Toma Iustin Daniel, Niculescu Dan Alexandru, Găloiu Simona Andreea, Trifănescu Raluca Alexandra, Poiană Cătălina
Department of Endocrinology, Carol Davila University of Medicine and Pharmacy, Bucharest, Romania.
First Endocrinology Department, C. I. Parhon National Institute of Endocrinology, Bucharest, Romania.
Endocrine. 2025 Feb;87(2):782-787. doi: 10.1007/s12020-024-04073-y. Epub 2024 Oct 19.
Mortality in pituitary adenomas (PAs) has been extensively compared to general population. However, direct comparisons between PA subtypes are scarce. We aimed to compare mortality in various subtypes of PA (acromegaly, Cushing's disease (CD), macroprolactinomas and non-functioning pituitary macroadenomas (MacroNFPA)), within a single referral center.
We retrospectively analyzed mortality and survival time in all 962 PAs admitted in our department between 2011 and 2023: acromegaly (n = 306), CD (n = 69), macroprolactinoma (n = 168) and MacroNFPA (n = 419).
Median follow-up was 10.2 (5.2, 15.2) years. The overall survival probability was 90.9% and 78.1% after 10 and 20 years respectively with age at diagnosis as the only significant predictor. There were no significant differences in survival probability between various PA subtypes in the whole cohort. In patients over 45 years of age at diagnosis there was a significant difference in survival probability between the four groups (p = 0.01) in the first 15 years of follow-up. In head-to-head comparisons CD had a significantly higher mortality risk than patients with acromegaly (HR 3.38 [CI 95% 1.07 to 10.60]) even after adjusting for age and sex.
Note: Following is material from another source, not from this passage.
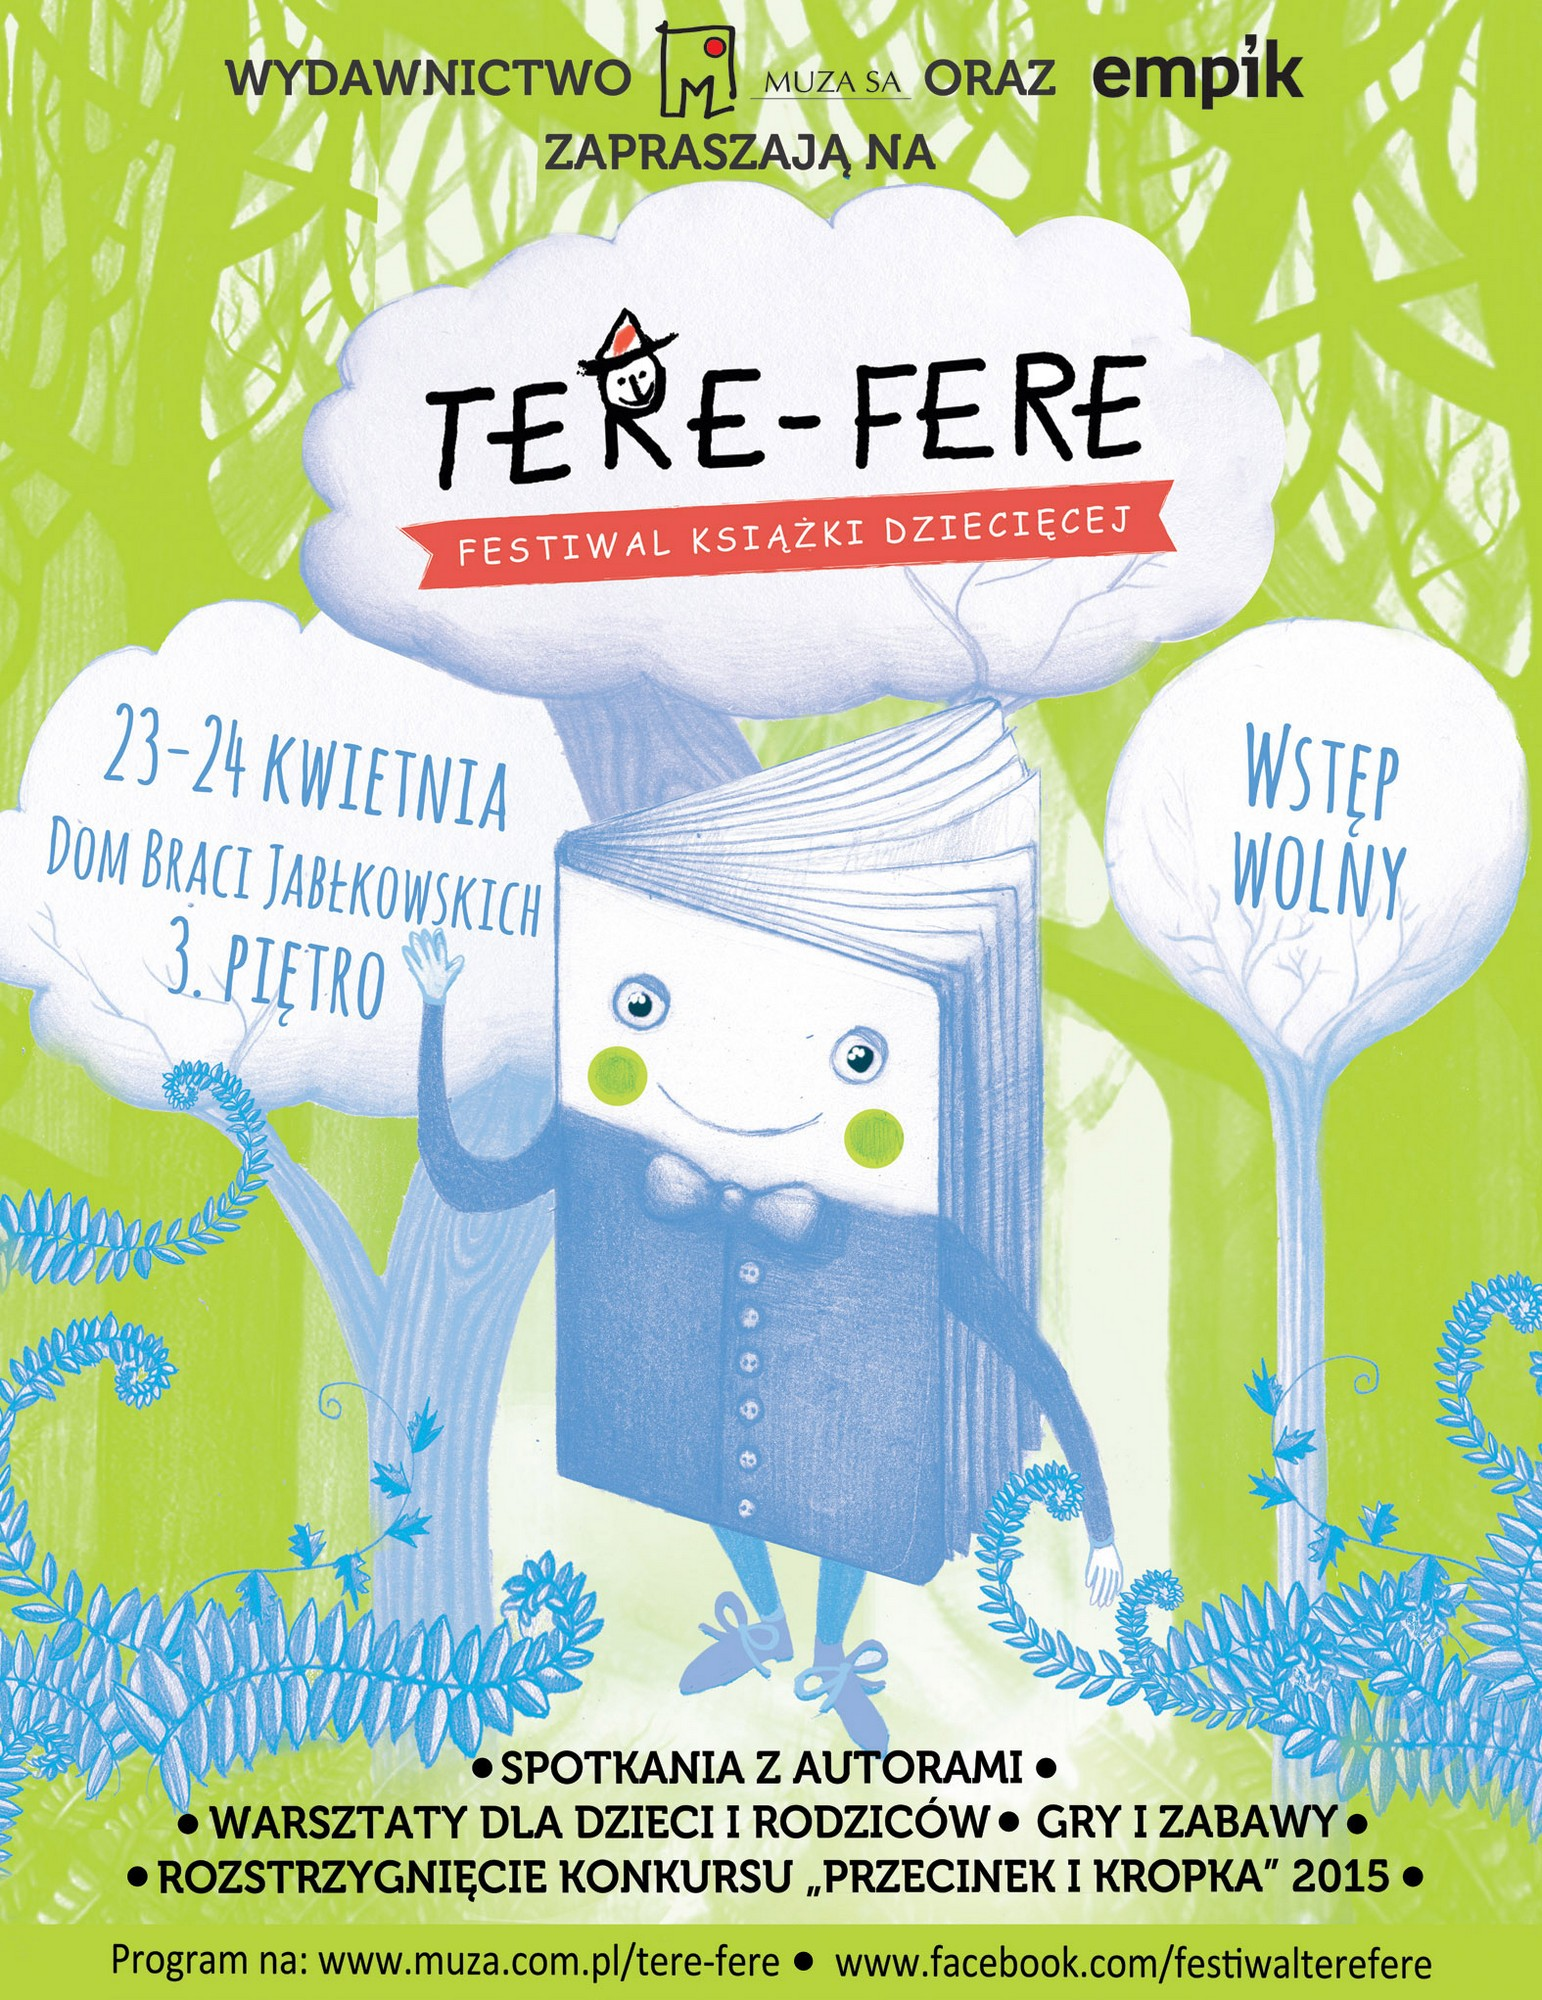 Festiwal Książki Dziecięcej Tere-Fere – plakat (źródło: materiały prasowe)

Patients diagnosed with CD after 45 years of age have a significantly lower survival probability than other PA subtypes in the first 15 years of follow-up. All other PA subtypes had a similar survival probability after adjusting for age and sex. Due to advances in medical treatment of hormone secreting tumors, mortality in patients with PAs might increasingly depend more on tumor mass than on hormonal hypersecretion.
垂体腺瘤(PA)的死亡率已与普通人群进行了广泛比较。然而,PA各亚型之间的直接比较却很少。我们旨在在单一转诊中心比较不同亚型PA(肢端肥大症、库欣病(CD)、大泌乳素瘤和无功能垂体大腺瘤(MacroNFPA))的死亡率。
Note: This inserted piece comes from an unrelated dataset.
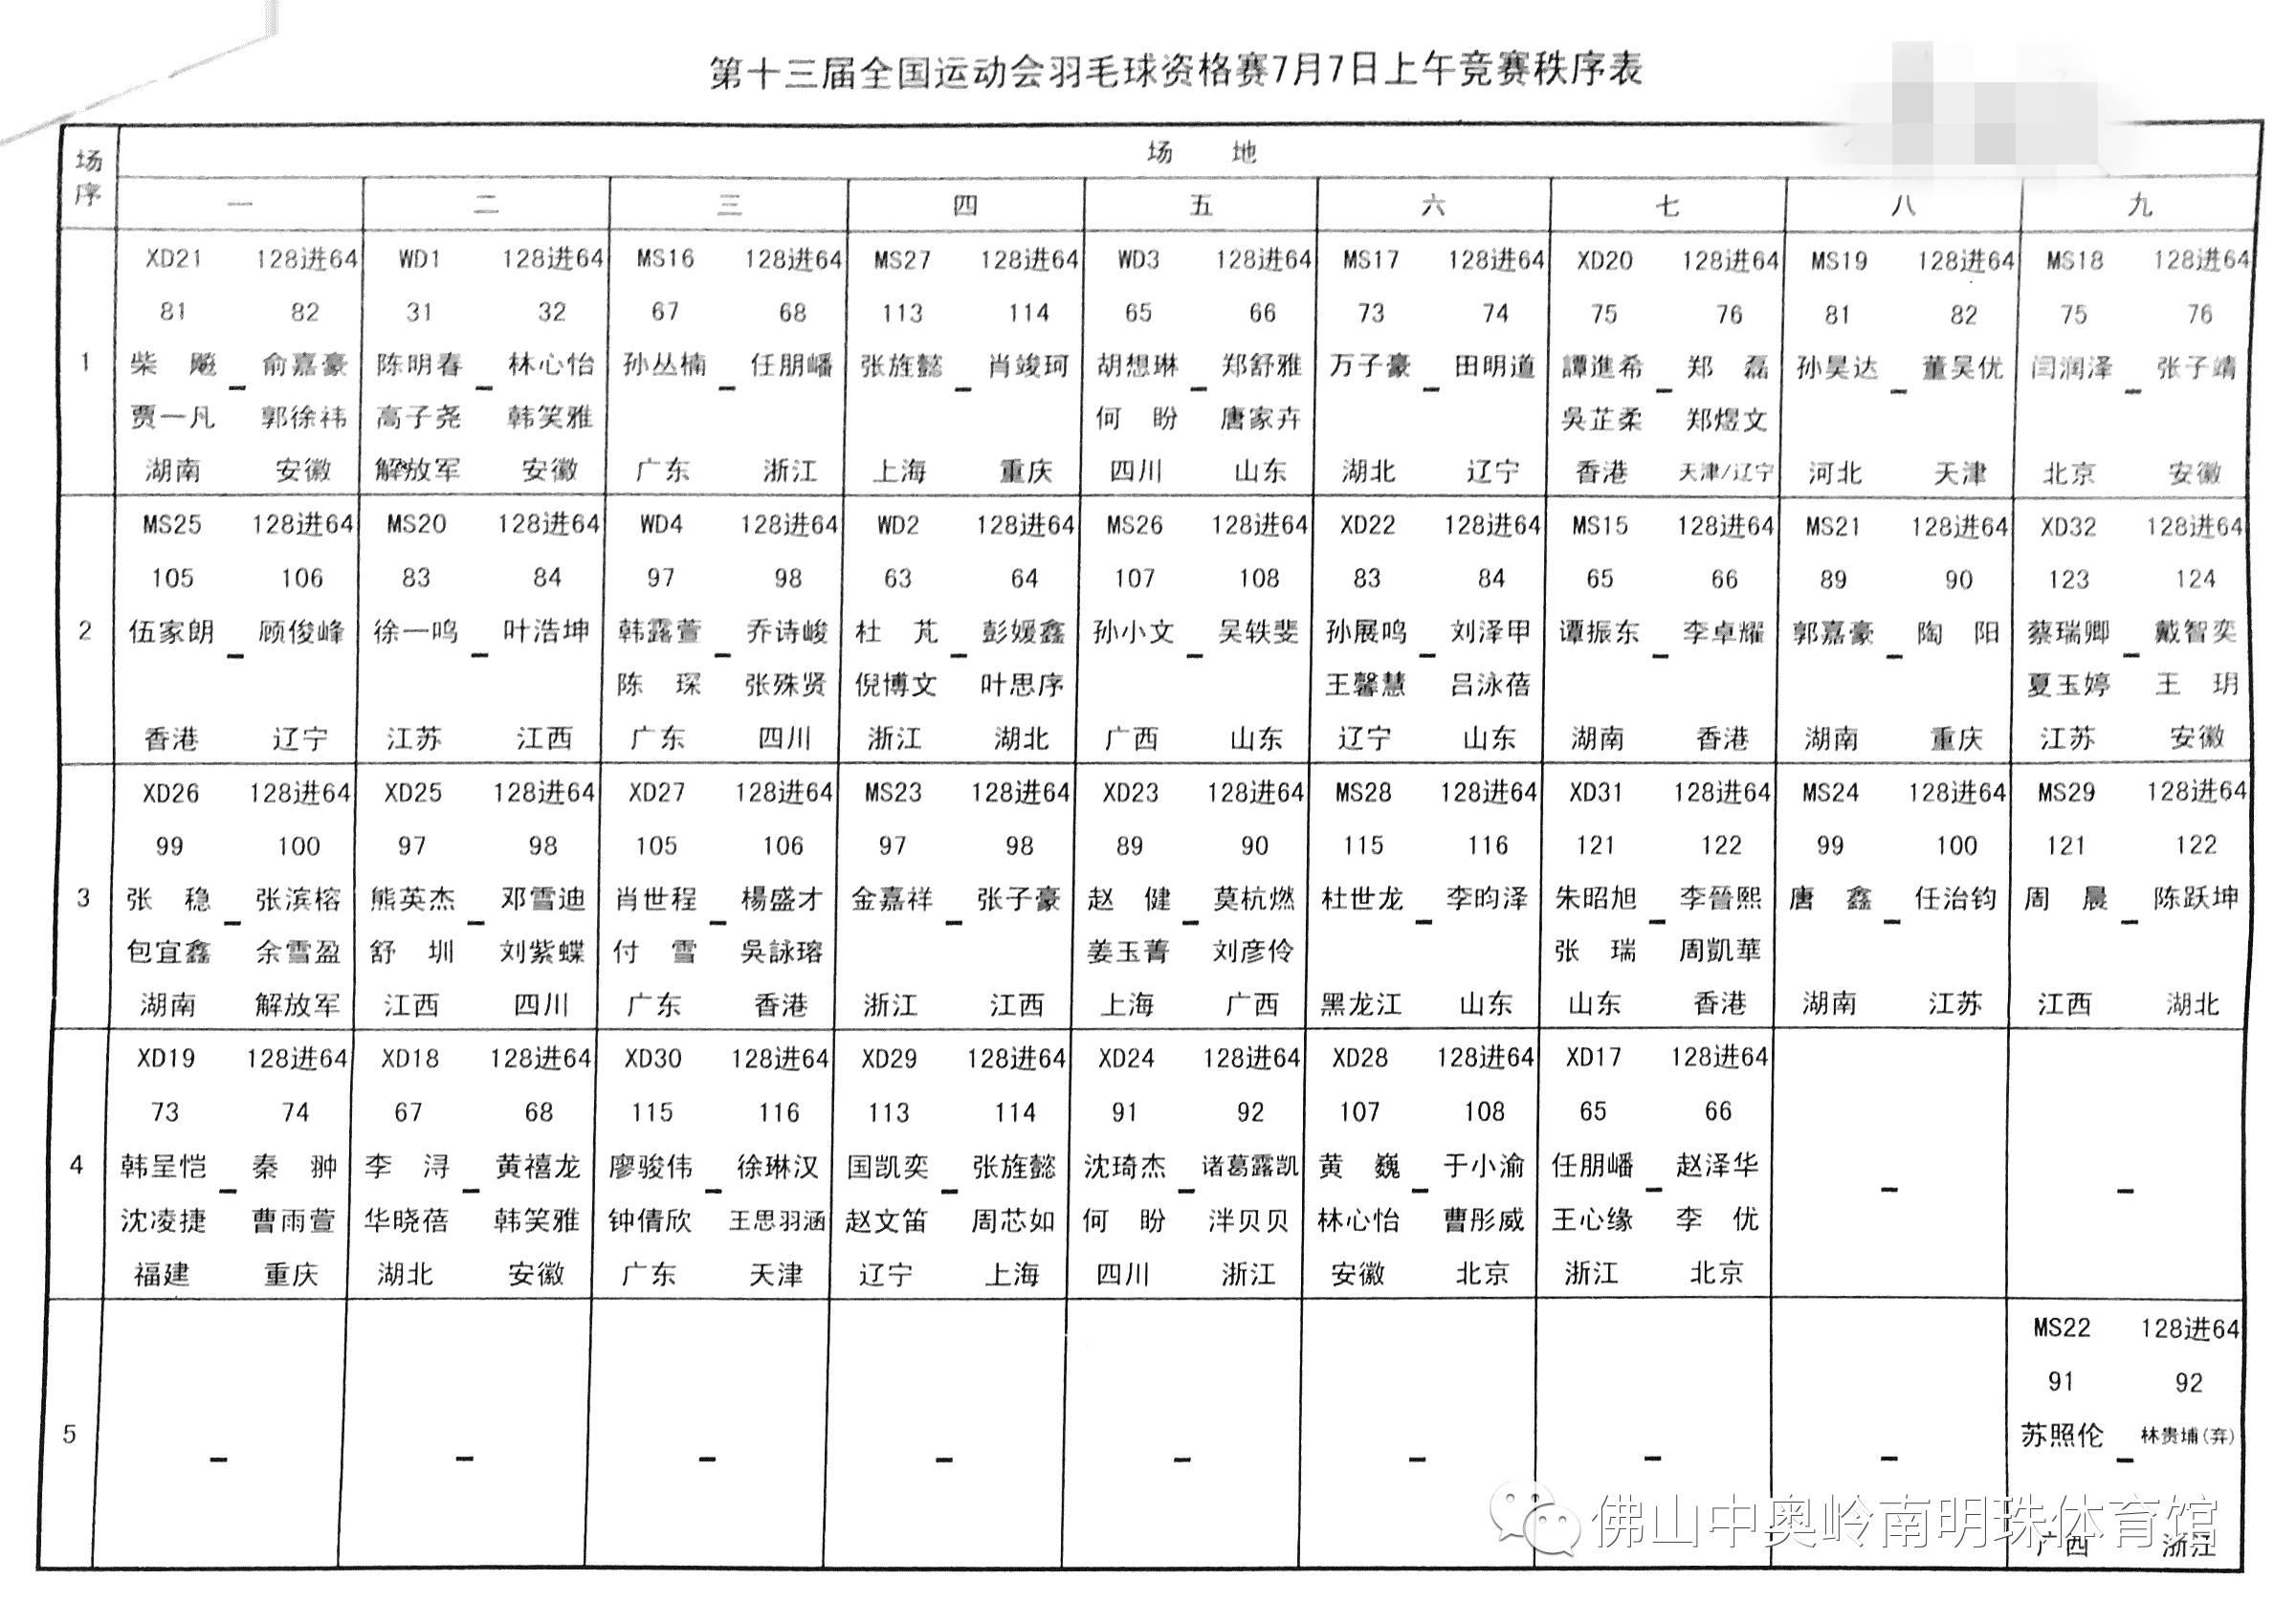 赛事资讯 全运会资格赛王仪涵赢球上海仍告败 内附7月6日对阵表和赛况

我们回顾性分析了2011年至2023年期间在我科收治的所有962例PA的死亡率和生存时间:肢端肥大症(n = 306)、CD(n = 69)、大泌乳素瘤(n = 168)和MacroNFPA(n = 419)。
中位随访时间为10.2(5.2,15.2)年。以诊断时年龄为唯一显著预测因素,10年和20年后的总生存概率分别为90.9%和78.1%。整个队列中不同PA亚型的生存概率无显著差异。在诊断时年龄超过45岁的患者中,随访的前15年里四组之间的生存概率存在显著差异(p = 0.01)。在直接比较中,即使在调整年龄和性别后,CD的死亡风险仍显著高于肢端肥大症患者(HR 3.38 [CI 95% 1.07至10.60])。
45岁后诊断为CD的患者在随访的前15年里生存概率显著低于其他PA亚型。调整年龄和性别后,所有其他PA亚型的生存概率相似。由于激素分泌性肿瘤医疗水平的进步,PA患者的死亡率可能越来越多地取决于肿瘤大小而非激素分泌过多。